The Marnes d’Auzas Formation outcrops in the Aurignac, Saint-Martory and Plagne anticlines in the central part of the Haute-Garonne department (Petites Pyrénées), as well as in the Montfa anticline in Ariège department (Plantaurel massif) in Occitania region. The Marnes d’Auzas Formation conformably overlies the Nankin limestone Formation in the Aurignac anticline, the Calcarenites du Jadet Formation in the Saint-Martory and Plagne anticlines, (Note: In the Saint-Martory and Plagne anticlines, the layers equivalent to the Nankin Limestone Formation of the Aurignac anticline are represented by the Ausseing Group which contains two carbonate formations, the Nankin 2 Limestone Formation at the base and the Jadet Calcarenites Formation at the top, separated from each other by a marly intercalation, the Lestaillats Marls Formation.) and the Grès de Labarre Formation in the Montfa anticline. The Marnes d’Auzas Formation is conformably overlain by the Lower Paleocene (Danian) Aurignac Formation.

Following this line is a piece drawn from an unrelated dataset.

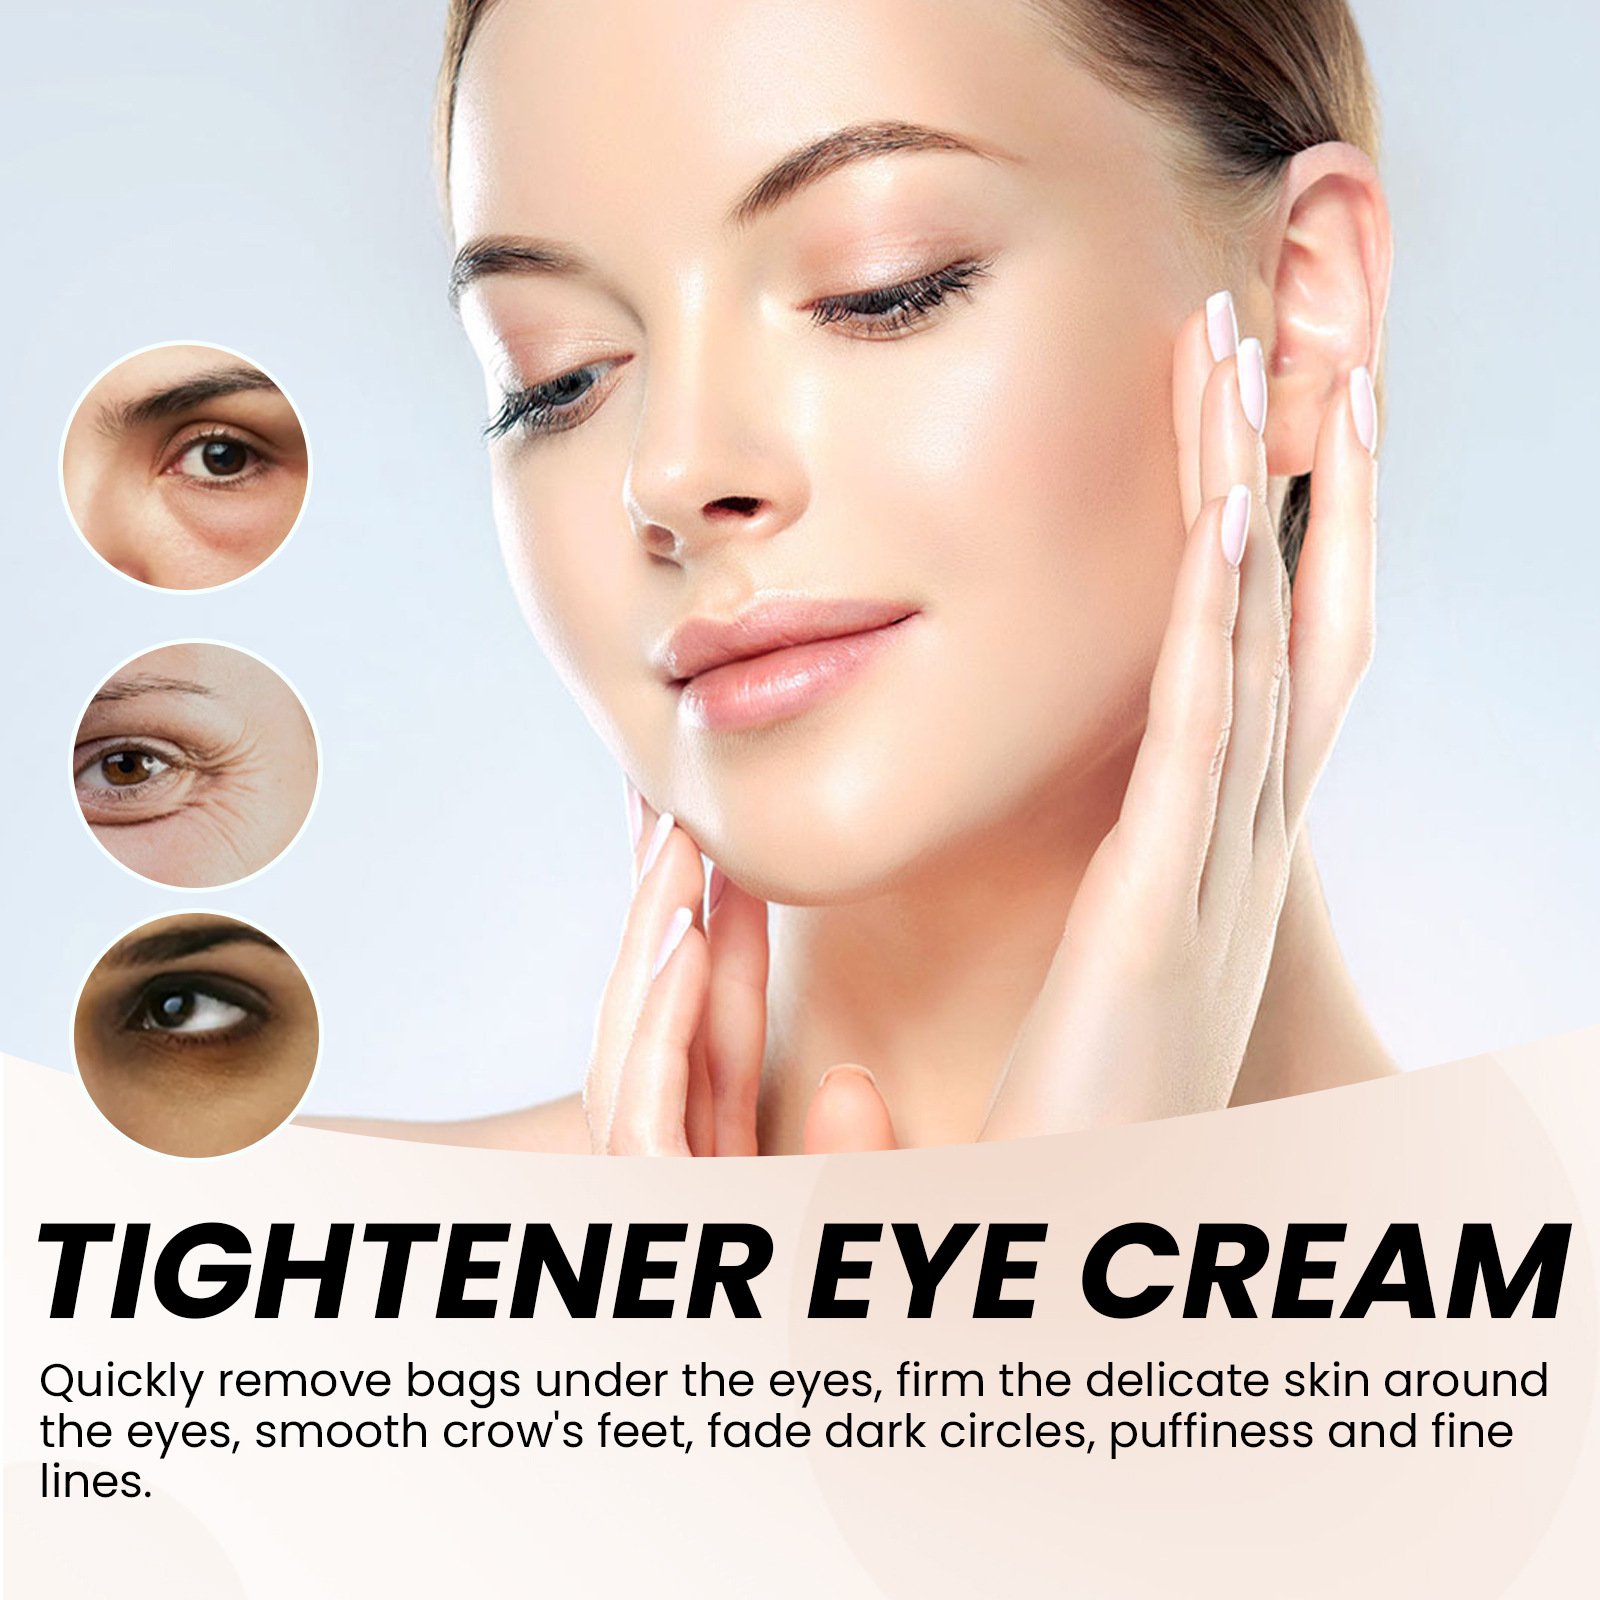 Temporary Firming Eye Cream (Video of the same eye cream)

==Lithostratigraphy and paleoenvironment==
The Marnes d’Auzas Formation is composed mainly of grey to multi-coloured clayey marls (ochre, green, red, or wine-coloured). The marls contain locally several limestone levels (calcarenites, sandy limestones, marly limestones, chalky limestones) and sandstone beds, sometimes cross-bedded. In the type locality of the formation, Bilotte assigns it a thickness of 285 m. Other publications indicate a thickness of 250 m or only about 100 m.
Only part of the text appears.